Stage: 5 Challenge Level: Challenge Level:1

Well done Daniel Tuck for your solution and also Tony Cardell, age 14, State College Area High School, Pennsylvania, USA

The first part requires only some very elementary geometry and knowledge of how to work out the area of circles and triangles. The solution given here uses calculus for finding the volume in the second part. If you can find this volume without calculus we'll be pleased to publish your method.

We may say that the distance between the two centers of the circles is $r$ (since each lies on the other circumference). Notice also that the intersection points of the two circles are also $r$ away from both centers (by definition of being the intersection of equal size circles with radius $r$). Thus the two centers and any one of the two intersection points forms an equilateral triangle of side $r$. The area of each equilateral triangle is

\[A_1 = {r \over2}\times{r\sqrt 3 \over 2}\] that is

\[A_1 = {r^2\sqrt3 \over 4}.\]

So the area of the region is equal to twice the area of an equilateral triangle with side $r$ plus the extra outside the triangle. Since an equilateral triangle has angles of 60 degrees, one sixth of 360, the number of degree in a circle, the area of this extra region is 1/6 the area of a circle minus the area of an equilateral with sides $r$.

\[A_2 = {\pi r^2 \over 6} - {r^2\sqrt3 \over 4}.\]

There are 4 of these extra regions, so our total area of the region in $2D$ is

$$\eqalign { 4A_2 + 2A_1 &= 4\left({\pi r^2 \over 6} - {r^2\sqrt3 \over 4}\right) + 2\left({r^2\sqrt3 \over 4}\right) \cr &= {2\pi r^2 \over 3} - {r^2 \sqrt3 \over 2} .}$$

The volume between two spheres in a similar position is slightly more complex. To make the drawing of the circles into one of spheres, say the $x$-axis is a line through the diameters from left to right of the circles. Rotate the circles around the $x$-axis and you will sweep out a similar drawing with spheres.
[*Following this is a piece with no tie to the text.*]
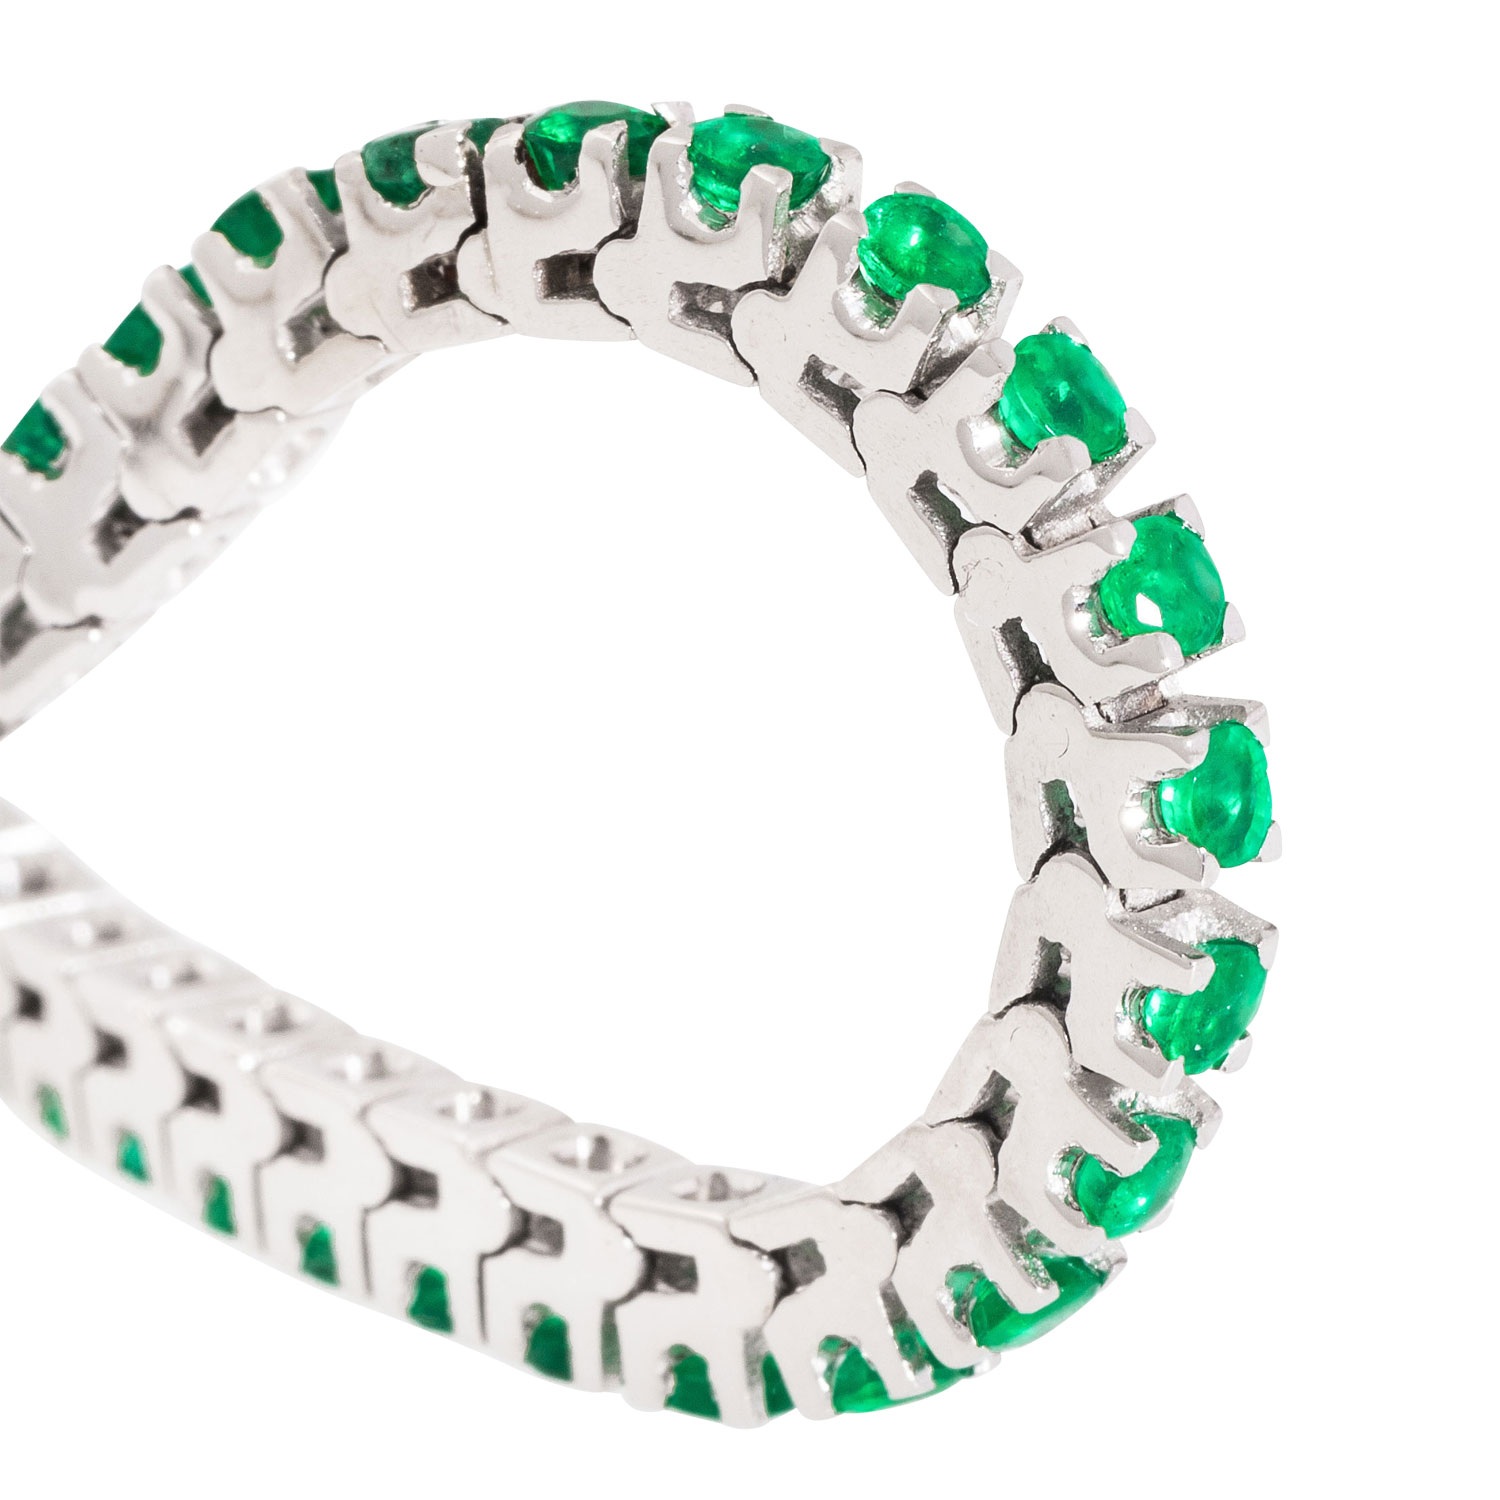 Armband mit zahlreichen kleinen Smaragden, - Image 5 of 5

Taking the origin O of the coordinate system at one of the centers then the points $P_1$ and $P_2$ of intersection of the circles drawn in 2D are at

\[({r\over 2}, \pm{r\sqrt3 \over 2}).\]

Consider the arc joining the origin to the point $P_1$. This is an arc of the circle center $(r,0)$ radius $r$ which has equation: \[(x-r)^2 + y^2 = r^2\]

or

\[ y = \sqrt(2xr - x^2).\]

The volume of the intersection of the spheres is double the volume of revolution formed when this arc is rotated through 360 degrees about the $x$ axis.

$$\eqalign { \rm{Volume} &= 2\int_0^{r/2}\pi (2xr - x^2)dx \cr &= 2\pi \left[x^2r - {x^3 \over 3}\right]_0^{r/2} \cr &= 2\pi \left[{r^3\over 4} - {r^3 \over 24}\right] \cr &= {5\pi r^3 \over 12}. }$$